In addressing matters of foreign policy, Obama did his fair share of genuflecting, which is expected before an AIPAC audience that insists upon such displays. But, on the whole, Obama’s speech was less troubling than many others delivered before the group.

He was tough on Iran, but correctly took on John McCain’s refusal to recognize the central role the debacle in Iraq has played in destabilizing the Middle East, and emboldening Iran and extremism. He repeatedly emphasized the need for principled diplomacy as the way to move forward. He contrasted his commitment to peace-making with the neglect of the Bush Administration by pledging active involvement in the search for peace between Israel and the Palestinians, and Israel and Syria, and noting the responsibilities of all parties in the Middle East to contribute to that process. He specifically called on Israel to "take appropriate steps – consistent with its security – to ease the freedom of movement for Palestinians, improve economic conditions in the West Bank, and to refrain from building new settlements." He urged support for Palestinian President Abbas and Prime Minister Fayyad, and emphasized that "Palestinians need a state that is contiguous and cohesive, and that allows them to prosper."

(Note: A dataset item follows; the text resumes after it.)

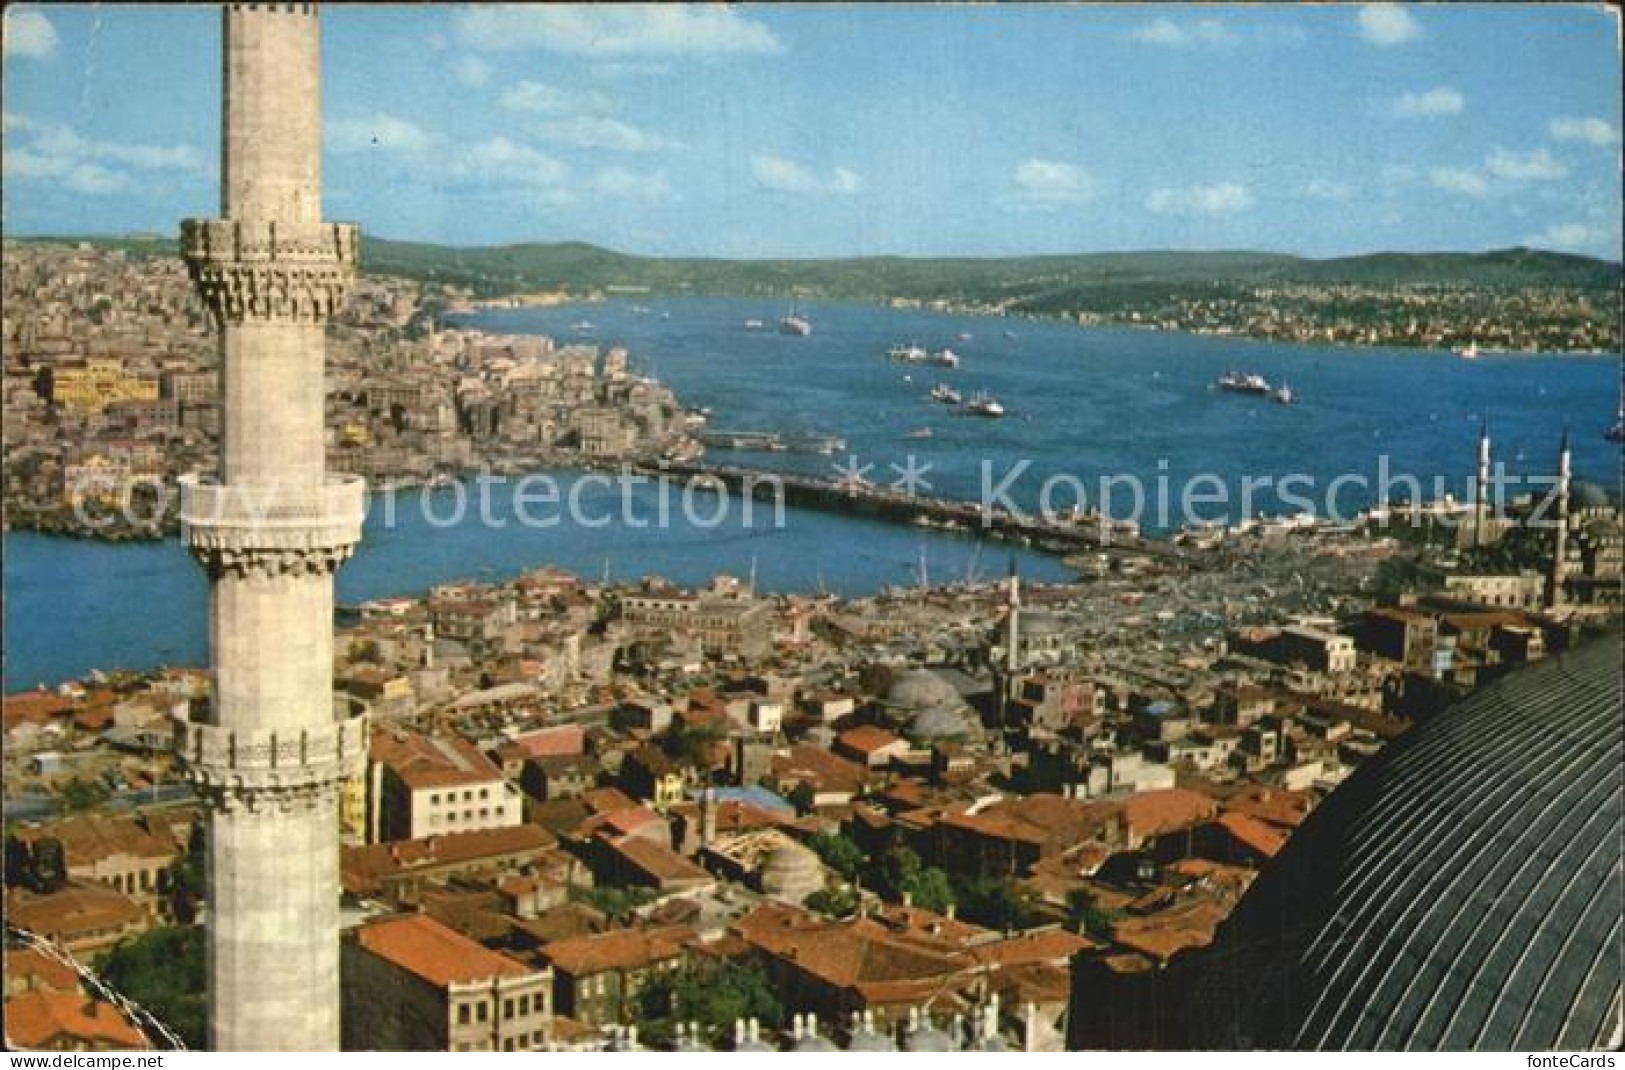 72516531 Istanbul Constantinopel View Of Golden Horn Galata Bridge And The Bosph - Turquie

Obama also included a deeply troubling reference to Jerusalem which he said "will remain the capital of Israel, and it must remain undivided." An Obama advisor, however, later clarified, insisting that there was nothing in this position that should be seen as prejudicing the final status of Jerusalem or precluding the Palestinians from also having their capital in a "shared" city.

Better than McCain? Yes. And clearly more thoughtful than his predecessors. Still, the AIPAC audience cheered, revealing a strange ambivalence that exists even among members of this hard-line of this pro-Israel group: cheering McCain’s support for more war in Iraq and Obama’s call for and end to the war; and McCain’s mockery of diplomacy and Obama’s emphasis on negotiations. Strange and depressing, but still interesting.